Enter the show’s hang-out qualities, which save it time and again. Boardwalk has built such a huge, elaborate world that it’s all but impossible to not want to get lost in it. Bored with what’s happening in Nucky Thompson’s place? Well, then it’s time to dart off to Chicago or the White House or New York. One of the chief reasons Boardwalk has never been able to take the leap from very good to great is a lack of focus, an inability to really drill down and look at what matters. Paradoxically, that lack of focus is also what keeps the show involving through the long, dull stretches in the middle of any given episode. Where a show like Breaking Bad might cut to something happening across town, Boardwalk will cut to something happening halfway across the country.

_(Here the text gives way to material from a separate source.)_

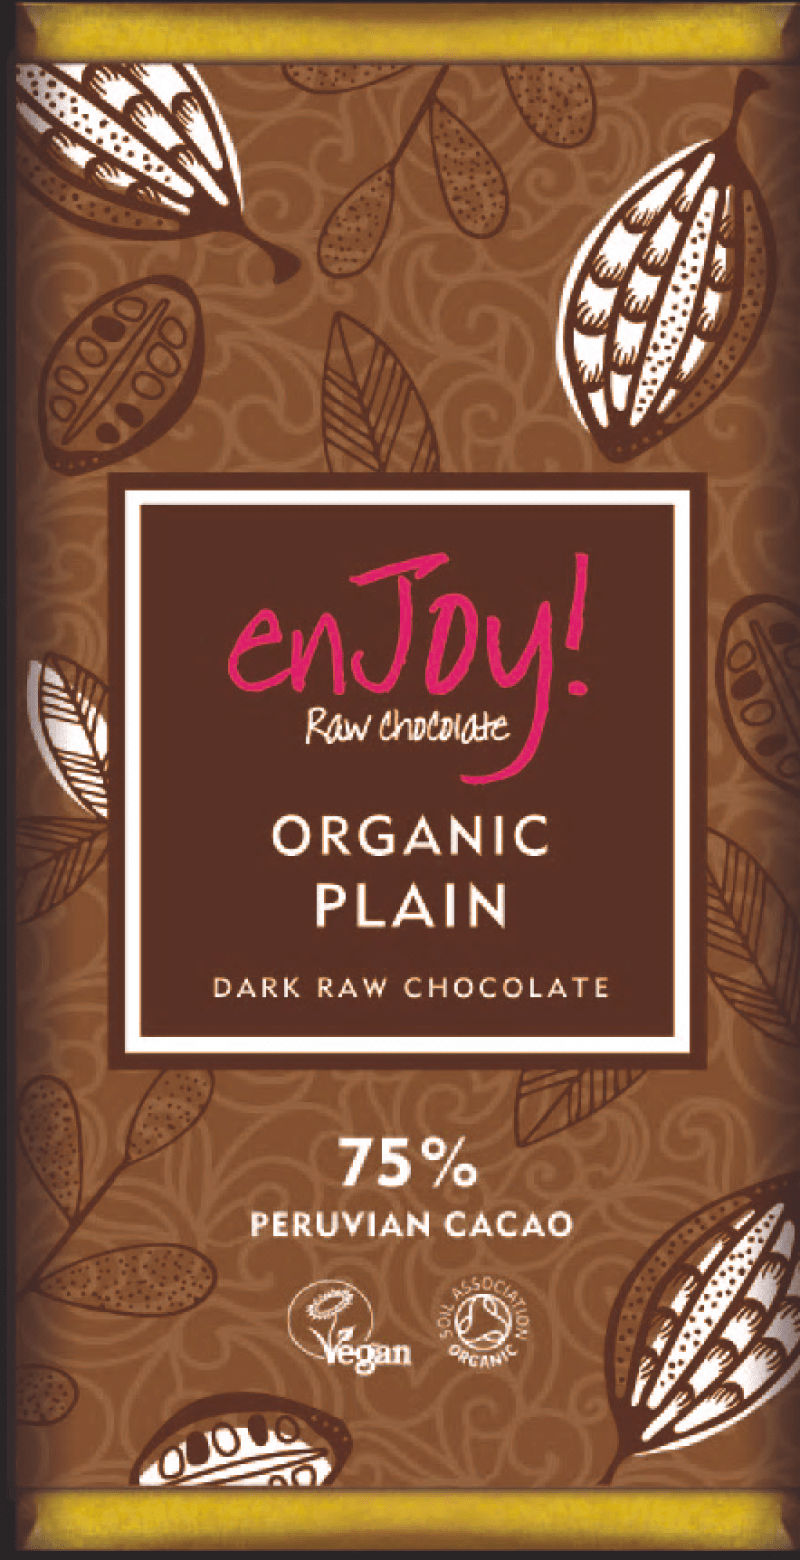 Enjoy! - Dark Raw Chocolate

The scope both limits and enhances the show, making it enervating and vaguely addicting.

Ideally, of course, dramas will provide an interesting world and a fleet of great characters. Consume too many hang-out dramas—just like you might consume too many hang-out sitcoms—and it all starts to feel like empty calories. If the producers of Justified and Game Of Thrones are able to sustain rich, complicated worlds filled with vivid characters, then other shows should be able to, too. But at the same time, there’s nothing wrong with finding a place unlike any place on this earth and just wanting to hang out there for a little while, killing zombies or dallying with gangsters. Isn’t that one of the reasons we have fiction, after all?